- _Assignment_
Please transcribe the data that follows without the pictures, keeping every word the same.

- _Dataset extract_
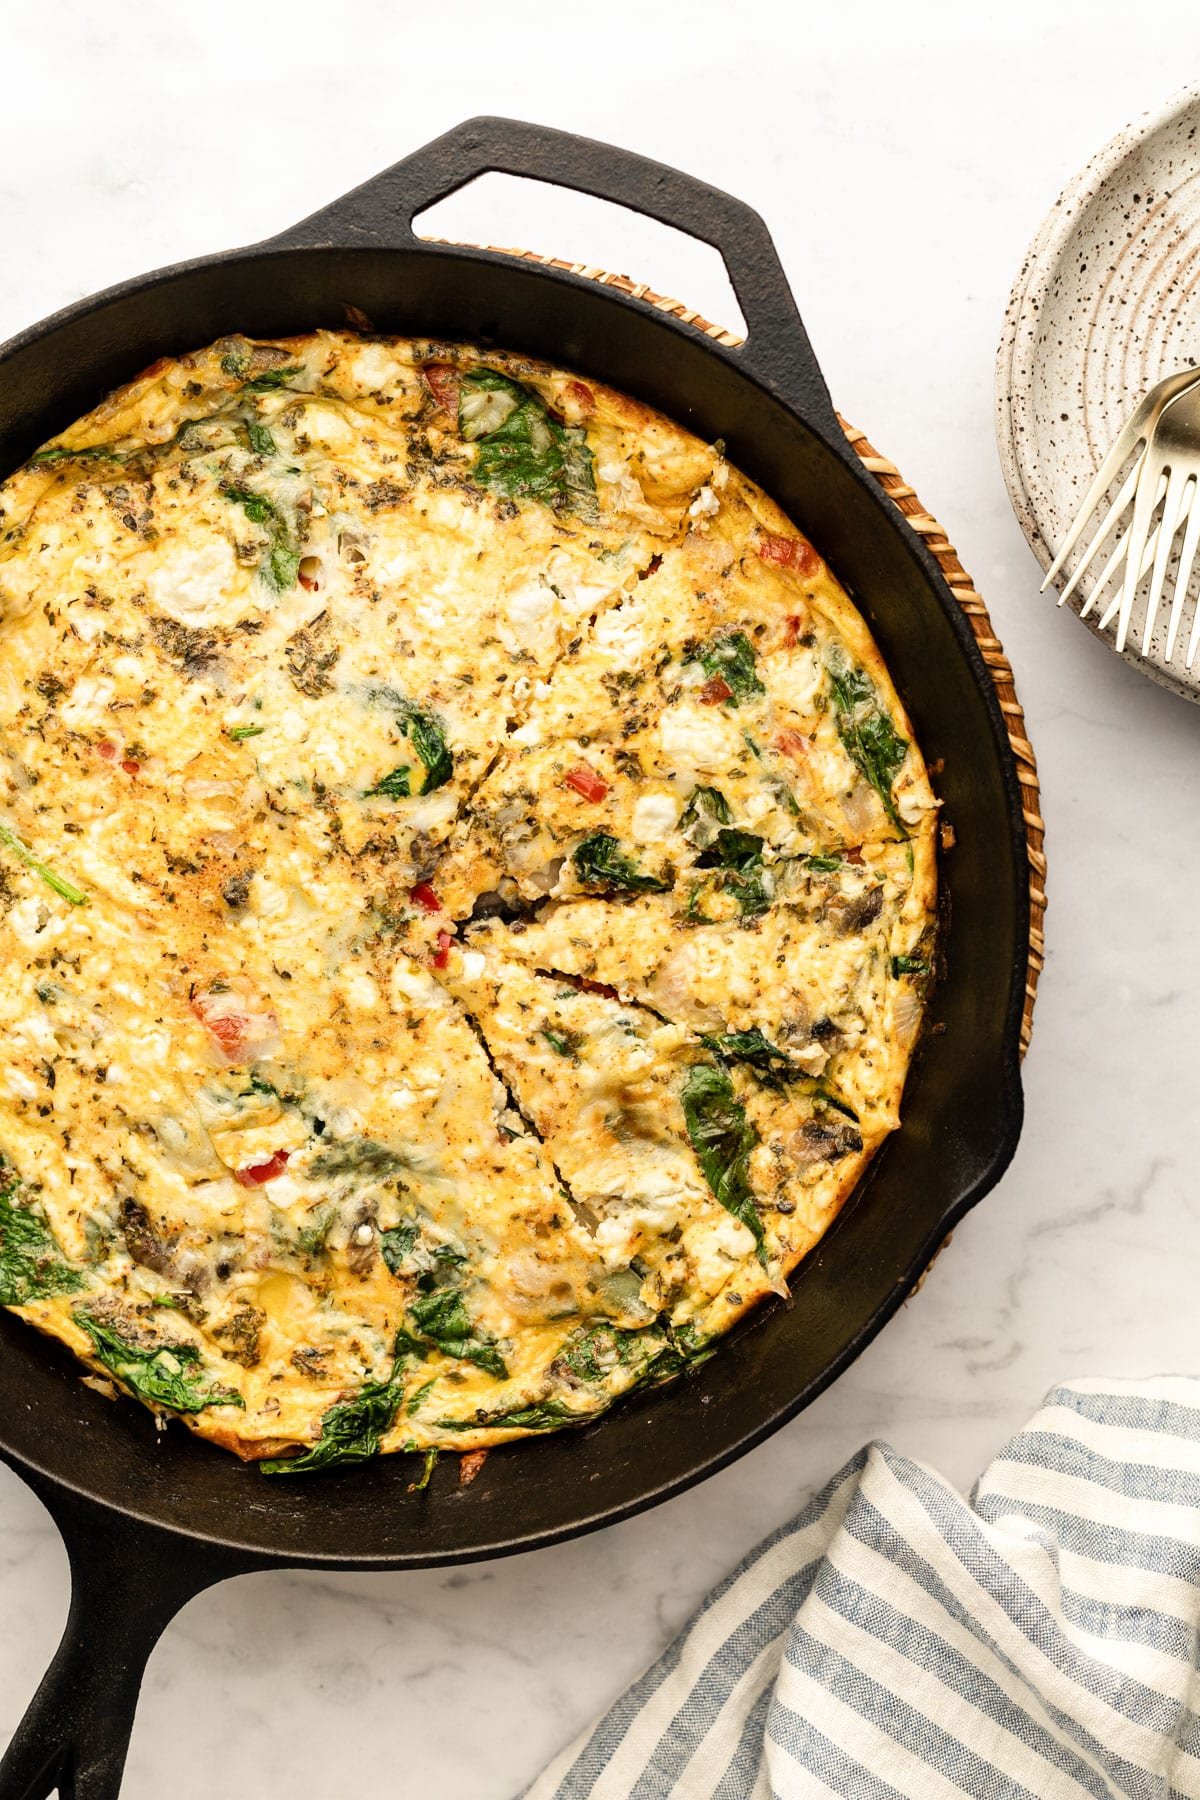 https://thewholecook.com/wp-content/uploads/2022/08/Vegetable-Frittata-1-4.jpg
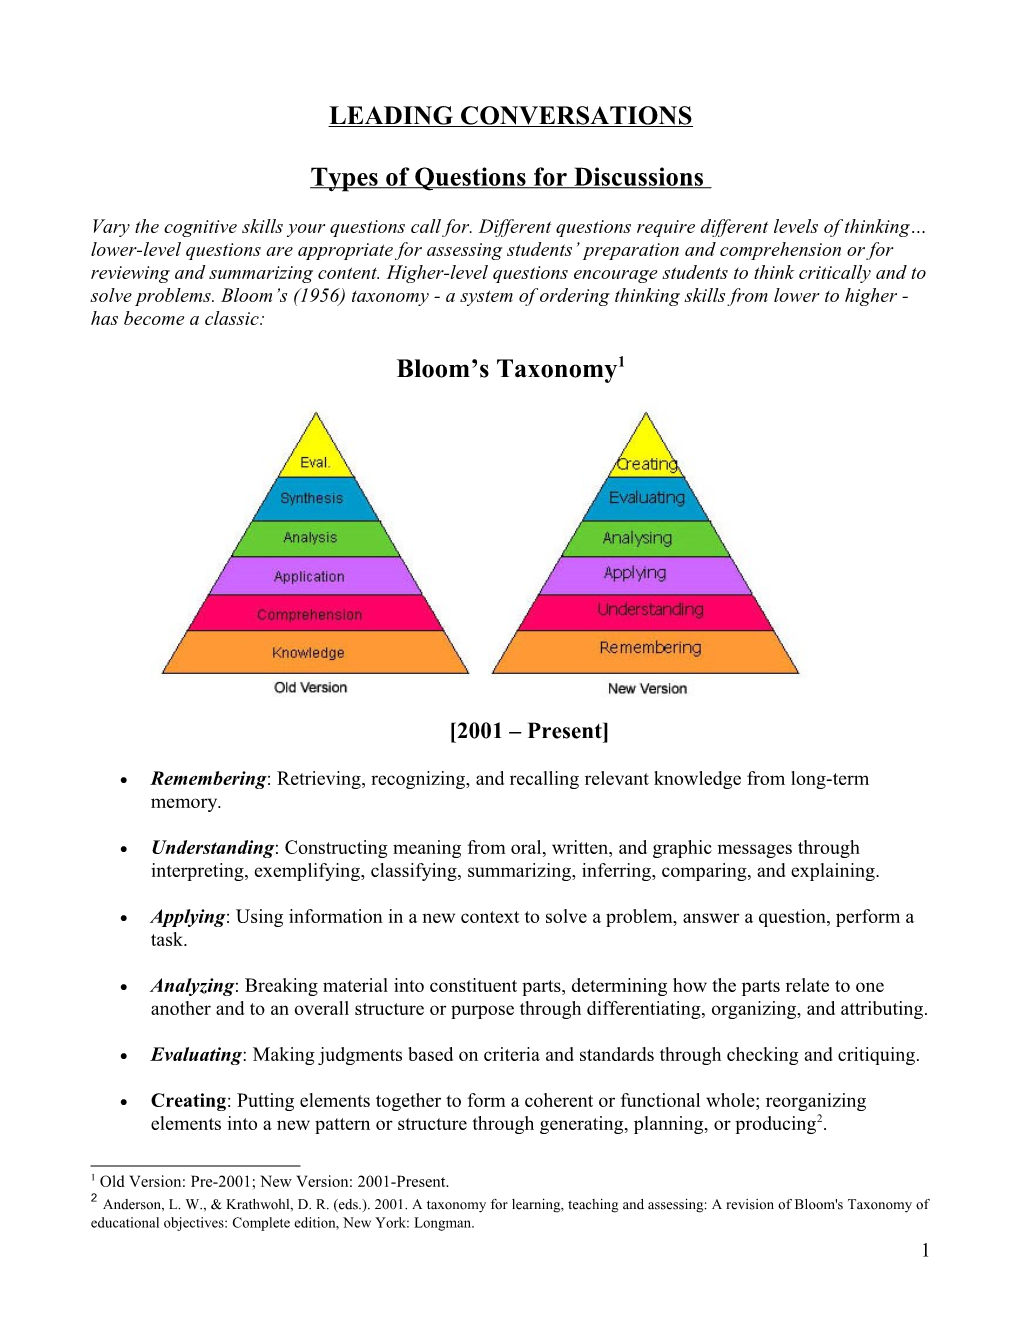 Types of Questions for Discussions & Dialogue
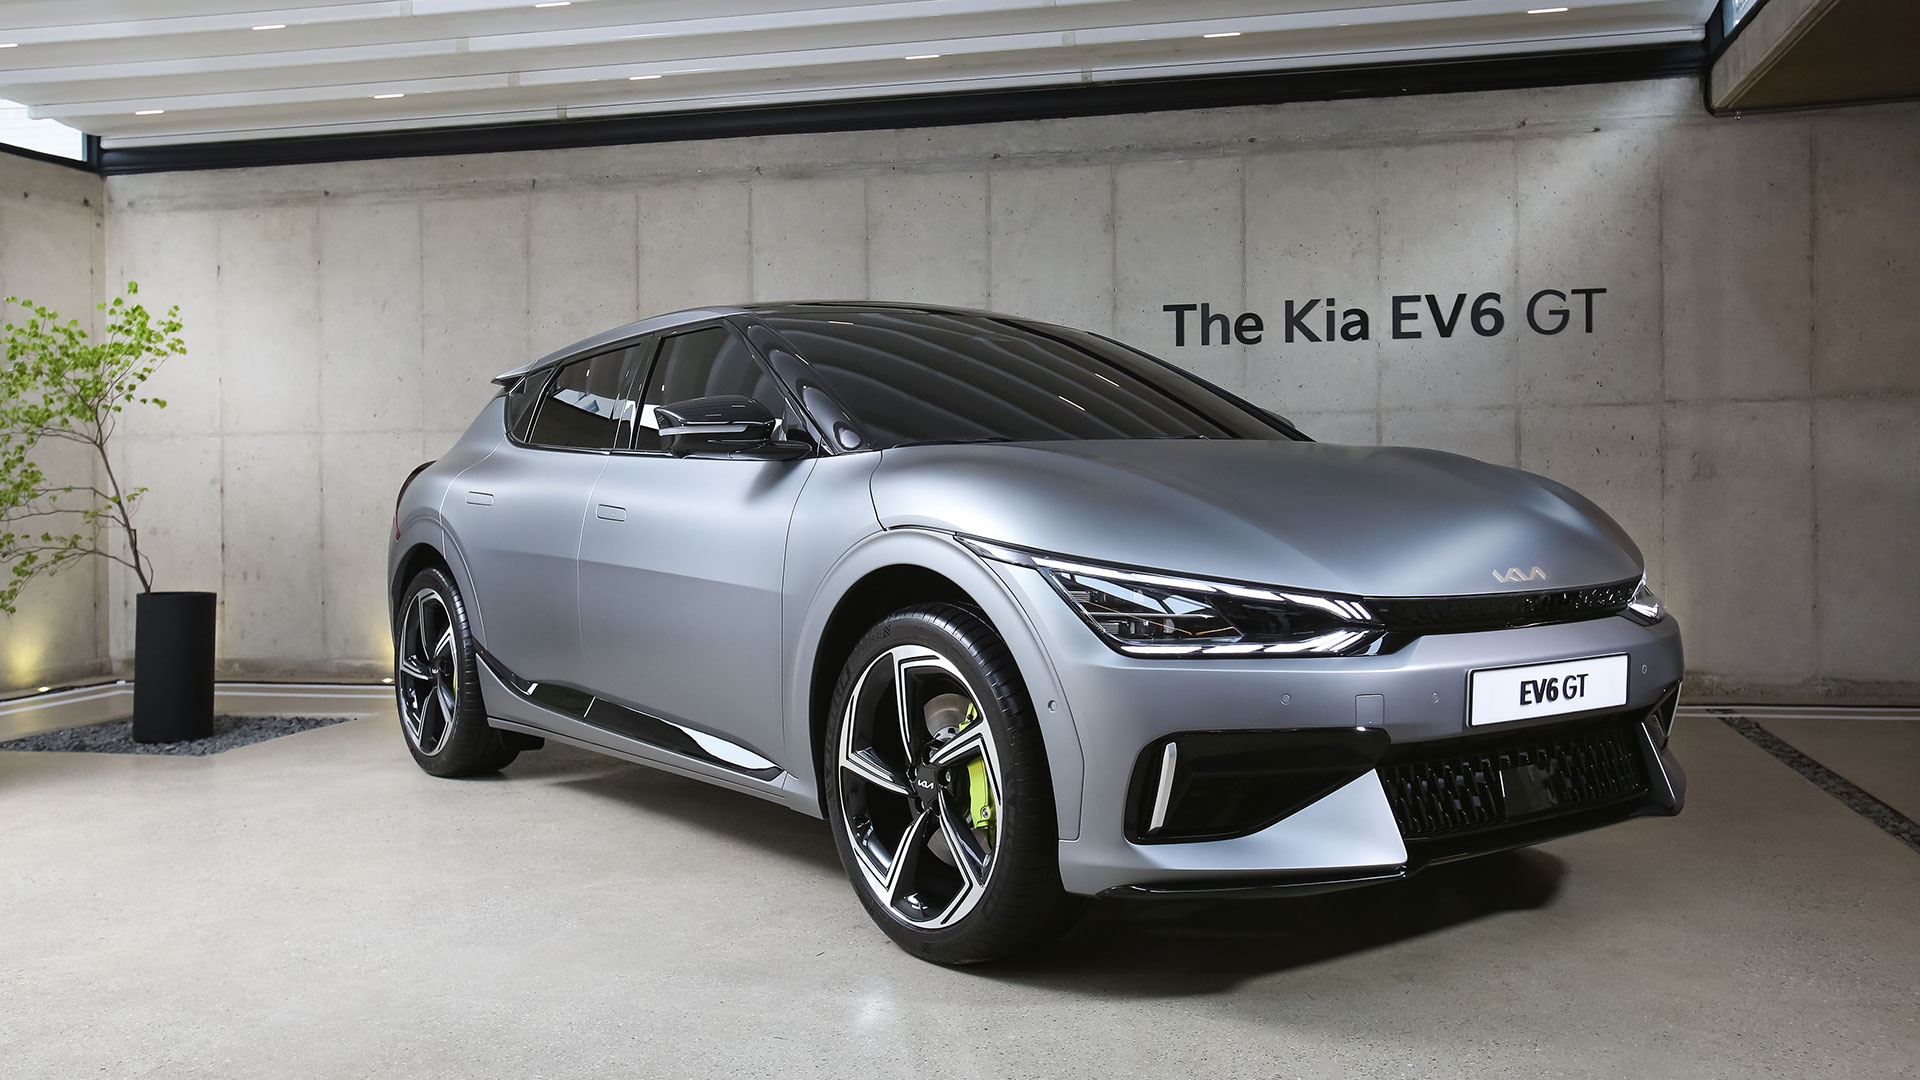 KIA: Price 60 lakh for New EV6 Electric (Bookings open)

- _Result_
 https://thewholecook.com/wp-content/uploads/2022/08/Vegetable-Frittata-1-4.jpg
 Types of Questions for Discussions & Dialogue
 KIA: Price 60 lakh for New EV6 Electric (Bookings open)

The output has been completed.